Je poussais un soupire alors qu’une servante finissait de coiffer la tignasse blonde qui me servait de cheveux. J’étais habillé à la fois sobrement et avec classe ; tout en finesse ! Mon costume était bleu nuit, dont les bords étaient brodés avec des fils d’ors, formant des motifs répétitifs et élégants. Sous ma veste, une tunique blanche cassée qui pouvait se voir à quelques occasions au niveau de mon torse et de mes bras dont les manches étaient ouvertes jusqu’au coude. Un pantalon saillant bleu nuit là encore, et des bottes élégantes noires ornées mes pieds. Une ceinture brodée d’or ornée ma taille sur ma veste pour affiner ma silhouette. Je n’avais pas d’autre ornementation qu’une chevalière en or avec les lettres RH pour Rol’ay Harrison gravée sur le dessus. Mes cheveux étaient quasiment tous ramenés sur un seul côté, l’autre côté a été tressé de l’avant vers l’arrière.
Je poussais un soupire. J’imagine que Gwendolyn avait raison. Mon regard se porta alors sur la demoiselle. Elle portait une robe claire, les vêtements trop foncés jurant avec sa peau blanche et ses cheveux tout aussi blanc. Elle avait donc une robe turquoise se mariant très bien avec ses yeux, sobre et élégante elle aussi. Elle rehaussait à la perfection la beauté de Gwen. La jeune femme faisait partie de la très estimée branche Elhys, celle qui s’occupait des fêtes royales, des combats clandestins et de l’esclavagisme. Ils étaient donc pleins aux as.
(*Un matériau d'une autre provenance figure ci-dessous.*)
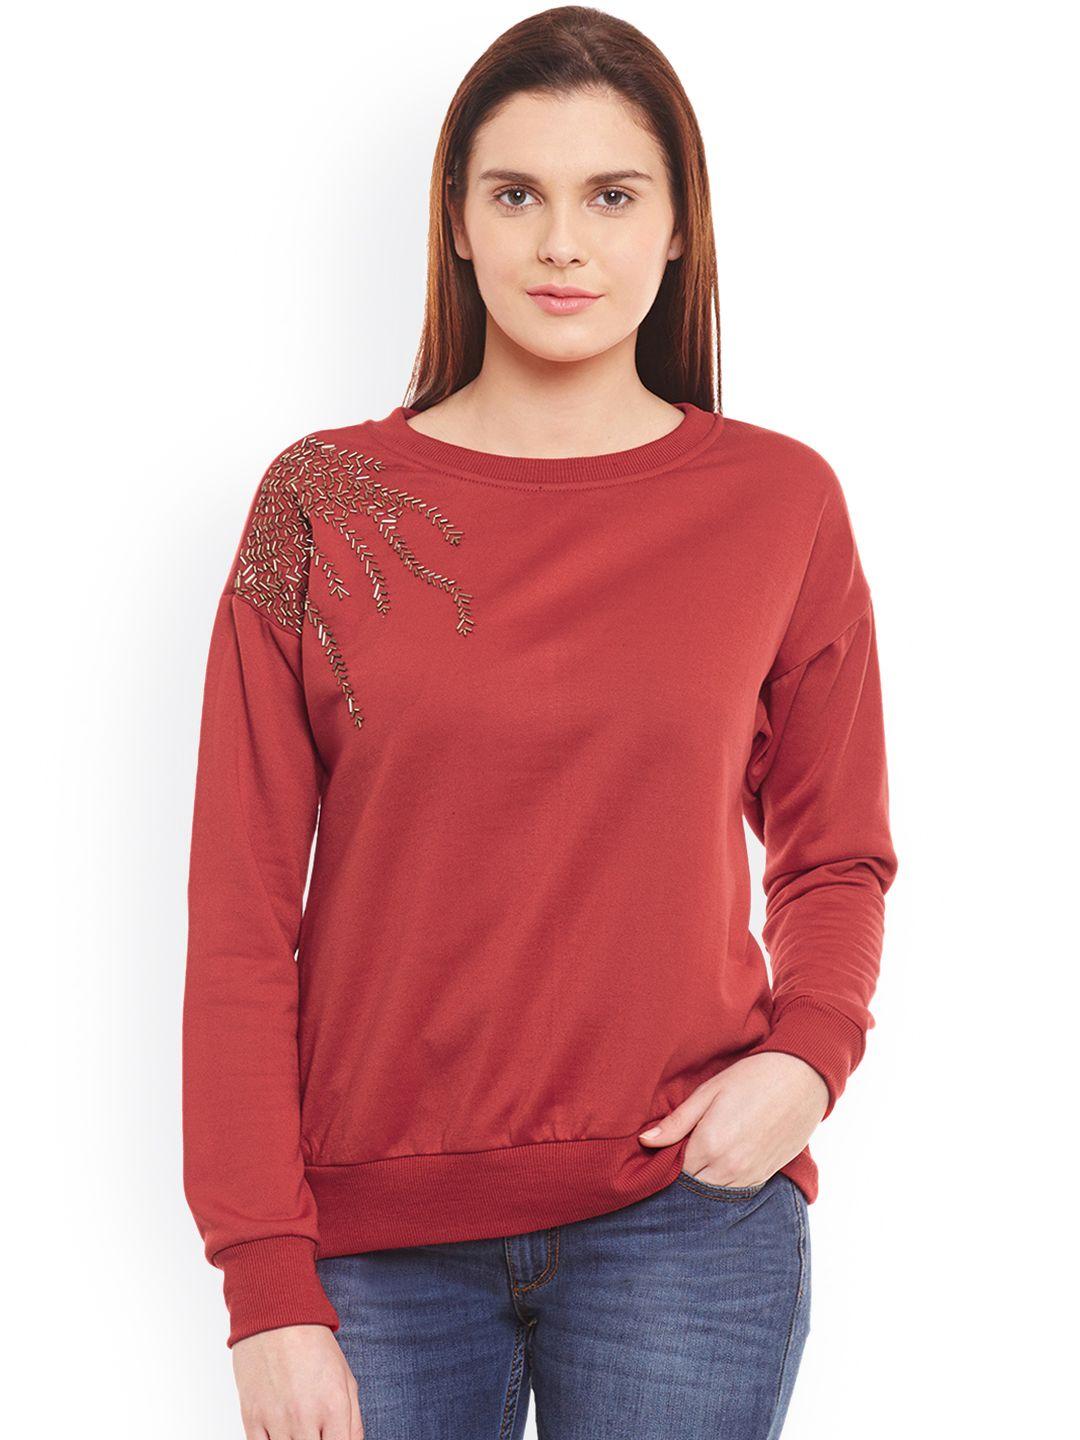 Belle Fille Red Sweatshirt with Embellished Detail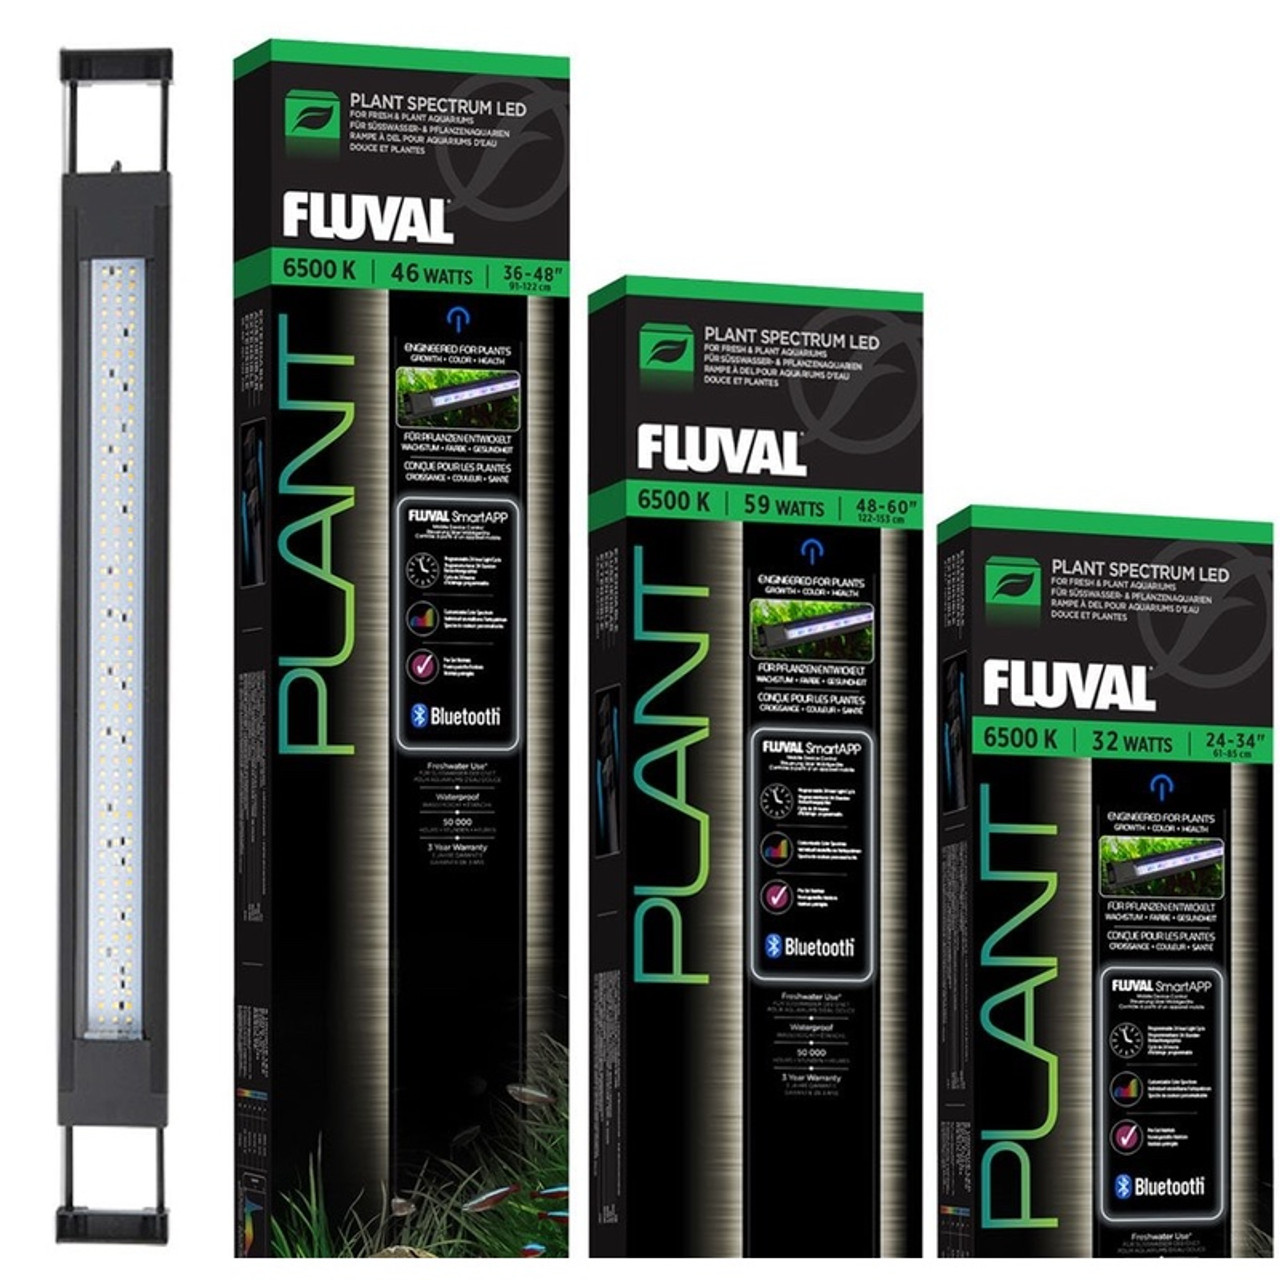 Fluval Plant Spectrum Bluetooth LED 3.0

« On peut y aller, » annonçais-je en lui tendant mon bras.

Nos fiancés respectifs n’étaient pas de la partie, et nous en étions tous deux biens contents. Je ne saurais dire si c’était un trait familiale, mais aucun d’entre nous n’appréciaient le choix de nos parents concernant nos fiancés. Bien sûr cela avait une raison diplomatique et tout ce qui allait avec, mais le fait est que le caractère de nos fiancés ne nous convenaient absolument pas.
Gwen se saisit de mon bras, et nous partîmes pour la soirée.
C’était elle qui avait tout organisé. La fête se déroulait dans un manoir assez reculé sans être dans un coin perdu, en haut d’une colline. La salle de réception était grande et donnait sur un balcon faisant toute la façade, et l’on pouvait ainsi admirer des pâturages de Rubis qui descendaient de la colline. La salle était somptueusement bien aménagée. Des causeuses et autre fauteuils étaient dispatchés ici et là, un grand buffet s’étendait le long du mur du fond et était régulièrement réapprovisionné. De temps à autres, des serveurs et serveuses passaient pour inciter les invités à aller manger et boire. Sur un autre fond de la salle, des musiciens se donnaient à cœur joie d’offrir de la douceur aux oreilles des invités, et quelques-uns se prenaient à danser.
Cette soirée avait deux facettes. La première, celle qui se voyait en premier, était une soirée de noble tout ce qu’il y a de plus banal pour nouer des liens et autre. La deuxième facette, celle qui était cachée, était que j’allais pouvoir faire mon marché. Les fêtes des Elhys étaient parfaites pour les échanges de biens et de services propre au Rol’ay avec les autres nobles : une petite plante hallucinogènes par-là, des plantes vénéneuses par-ci, un contrat pour un futur tableau hors de prix, et ainsi de suite. Dans la salle qui se présenta à moi, je ne voyais que des clients fidèles ou nouveaux, ainsi que de futurs pigeons qui s’embourberont dans mon charisme et mon éloquence, pour acheter et acheter encore.
Cependant, je soupçonnais aussi une troisième facette. Gwen avait l’air un peu trop contente et empressée. Je la soupçonnais de préparer, dans le manoir, une pièce secrète pour pouvoir y faire des combats clandestins, et les nobles seront les parieurs. Ce sera à surveiller de près, car j’avais bien envie de pouvoir participer moi aussi, et éventuellement alimenter les paris à mon profit. Tout était business, tout était argent, tout était monnayable.
Quelques heures et quelques clients satisfaits plus tard, je m’étais approché de Gwen pour une petite pause. Un verre d’alcool à la main, je l’écoutais discuter avec quelques nobles près du buffet. Mon regard parcourut la salle, et j’accrochais bien rapidement une jeune femme… spéciale. Ce n’était pas tant son regard, son allure ou ses vêtements qui me perturbaient, c’était plutôt la lumière étrange qui se dégageait d’elle. Une lumière pas trop vive, comme une aura. C’était étrange. Elle était accompagnée d’un homme et ne semblait pas vraiment l’apprécier. Ce même homme finit par l’abandonner pour X raison, s’approcha du buffet… et bifurqua vers Gwen avec des yeux avides.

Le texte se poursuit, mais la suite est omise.